SOURCE MATERIAL
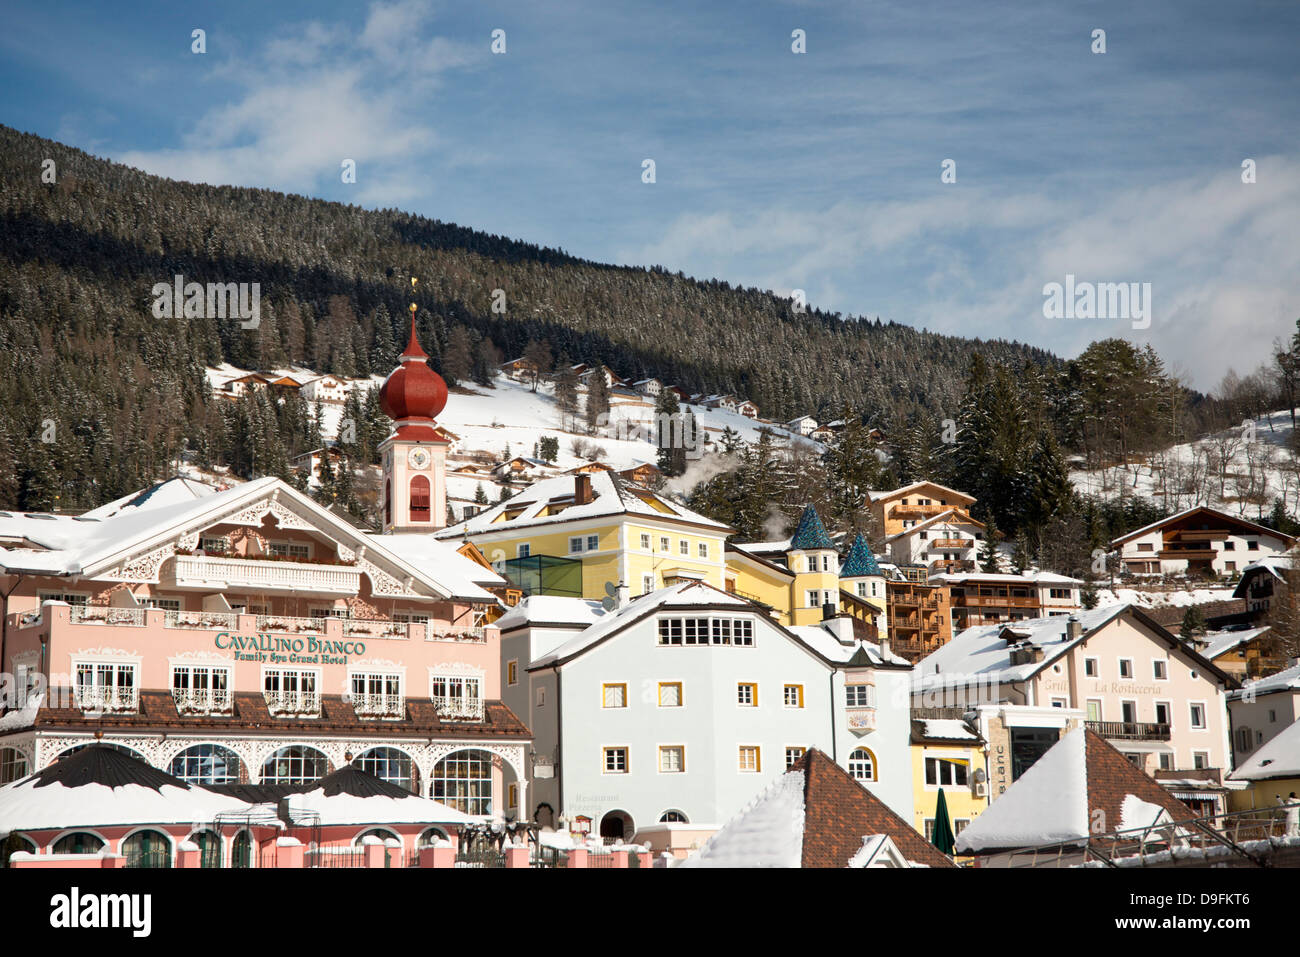 La ville de Ortisei dans les dolomites près de la station de ski Alpe di Siusi, le Tyrol du Sud, Italie Banque D'Images
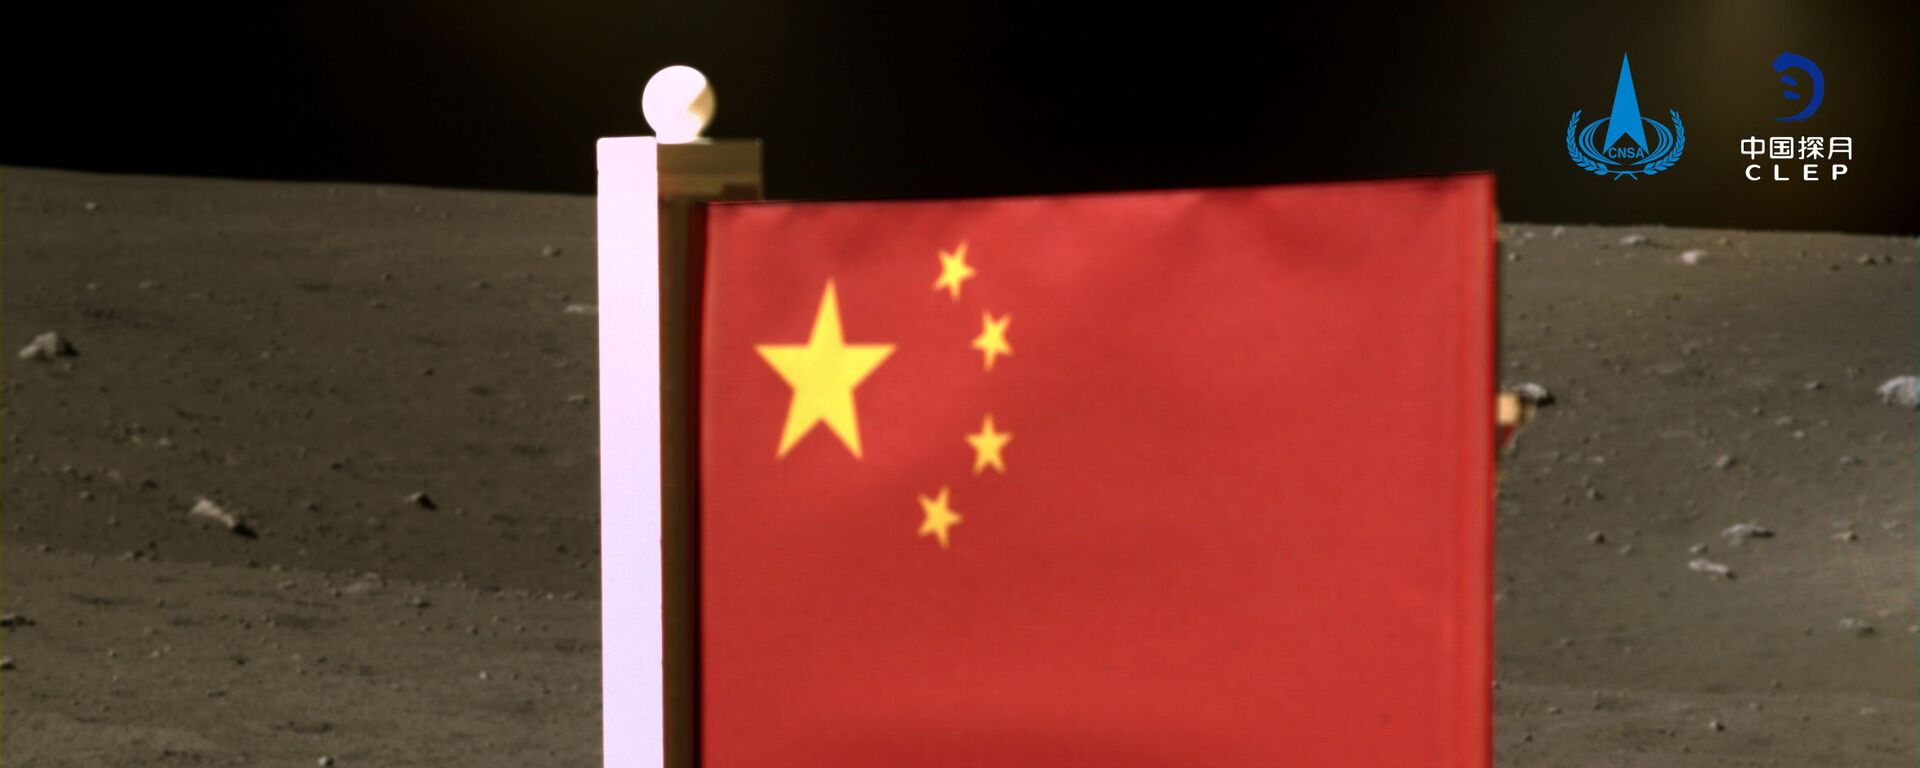  علم الصين الذي أوصله مسبار فضائي تشانغ آه-5 لجمع عينات من القمر وإعادتها، الصين 4 ديسمبر 2020 - سبوتنيك عربي, 1920, 14.03.2021
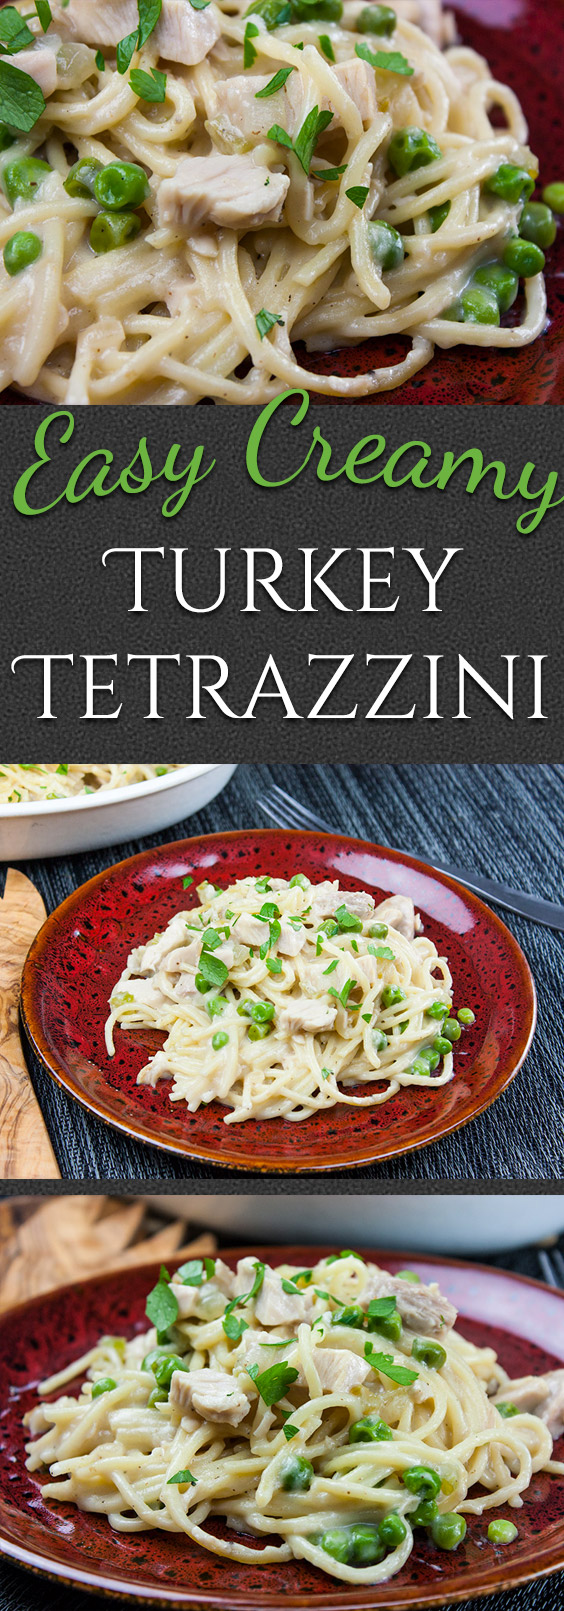 Easy Creamy Turkey Tetrazzini -   19 turkey tetrazzini recipe easy healthy ideas
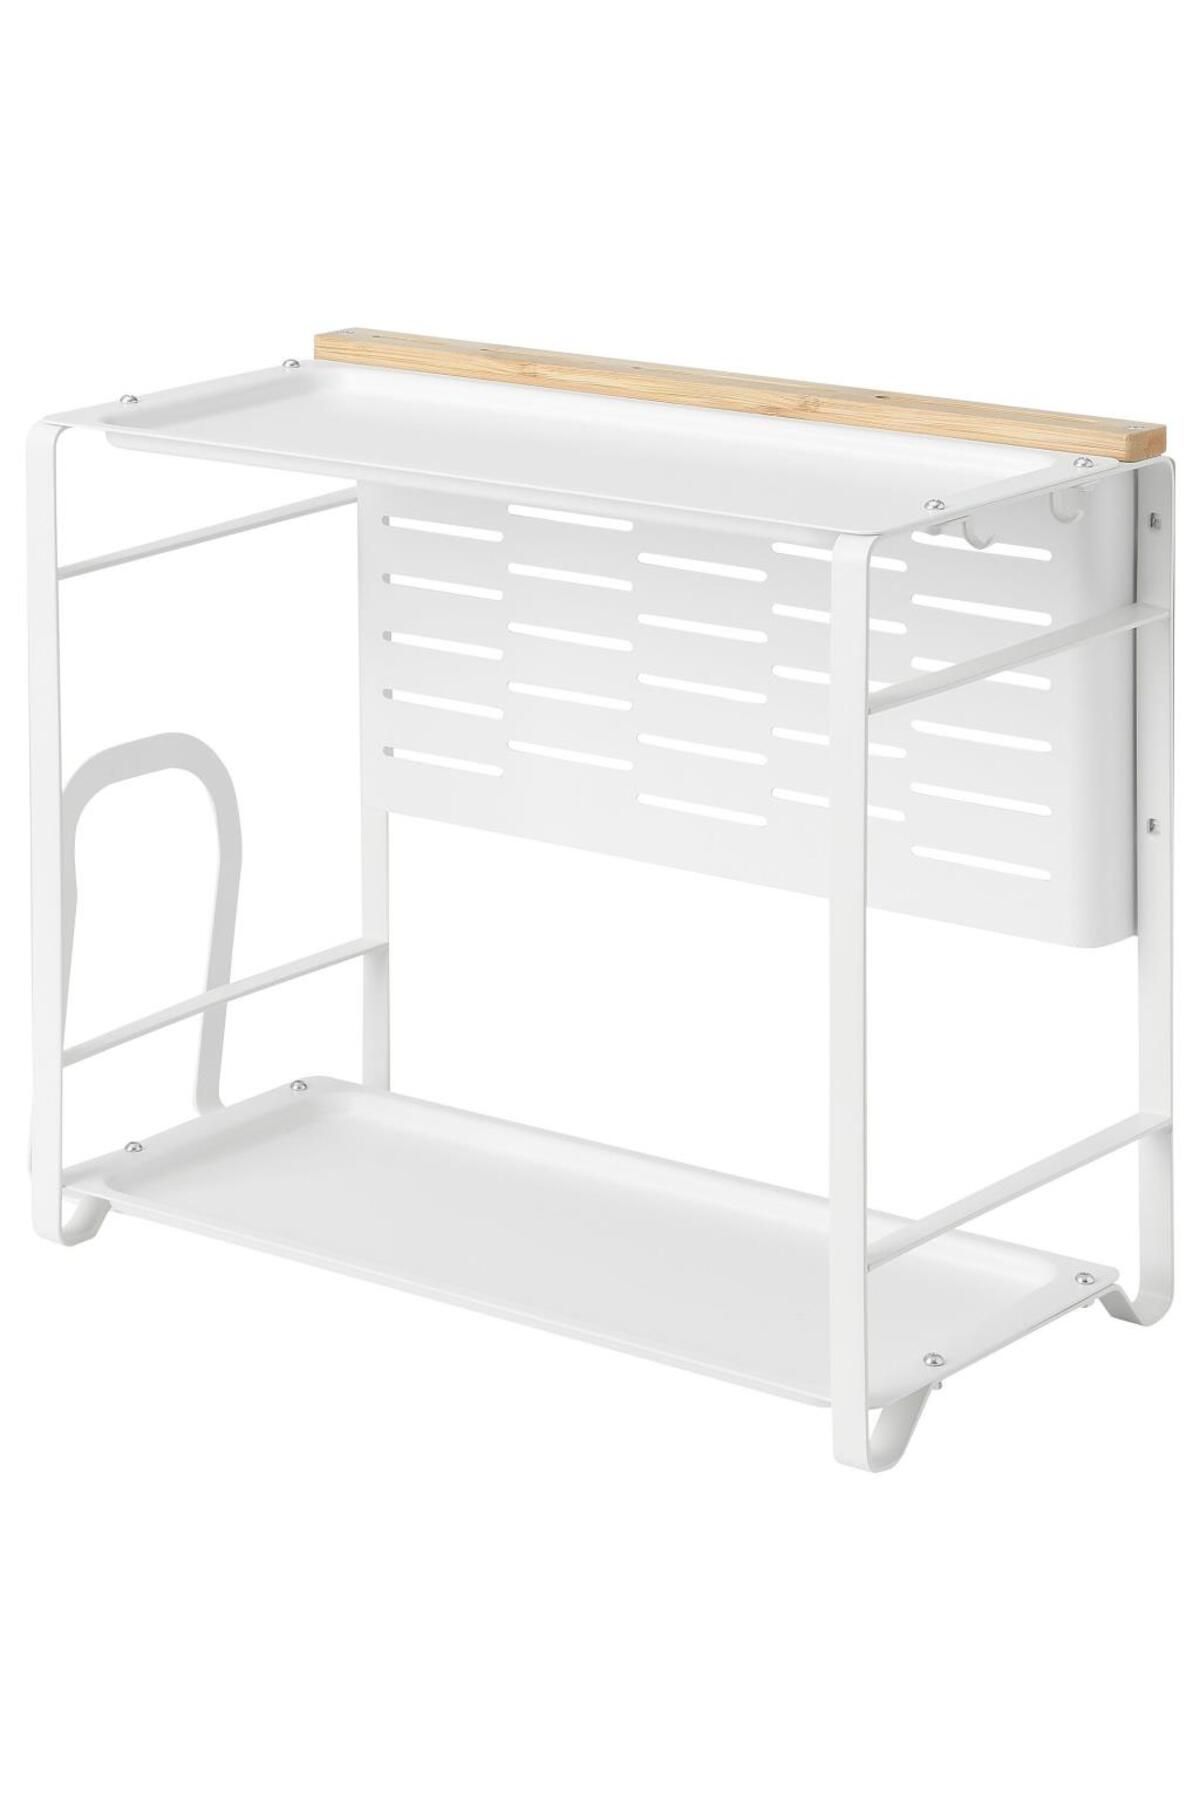 BARBUN IKEA Avsteg Tezgah Üstü Düzenleyici - Beyaz - 40x21 cm

EXERCISE REQUIREMENTS
Leave out every picture, and copy exactly the lines above starting at the one holding "علم الصين الذي" and ending at the one holding "Easy Creamy Turkey", no more and no less.

ANSWER BOX
  علم الصين الذي أوصله مسبار فضائي تشانغ آه-5 لجمع عينات من القمر وإعادتها، الصين 4 ديسمبر 2020 - سبوتنيك عربي, 1920, 14.03.2021
 Easy Creamy Turkey Tetrazzini -   19 turkey tetrazzini recipe easy healthy ideas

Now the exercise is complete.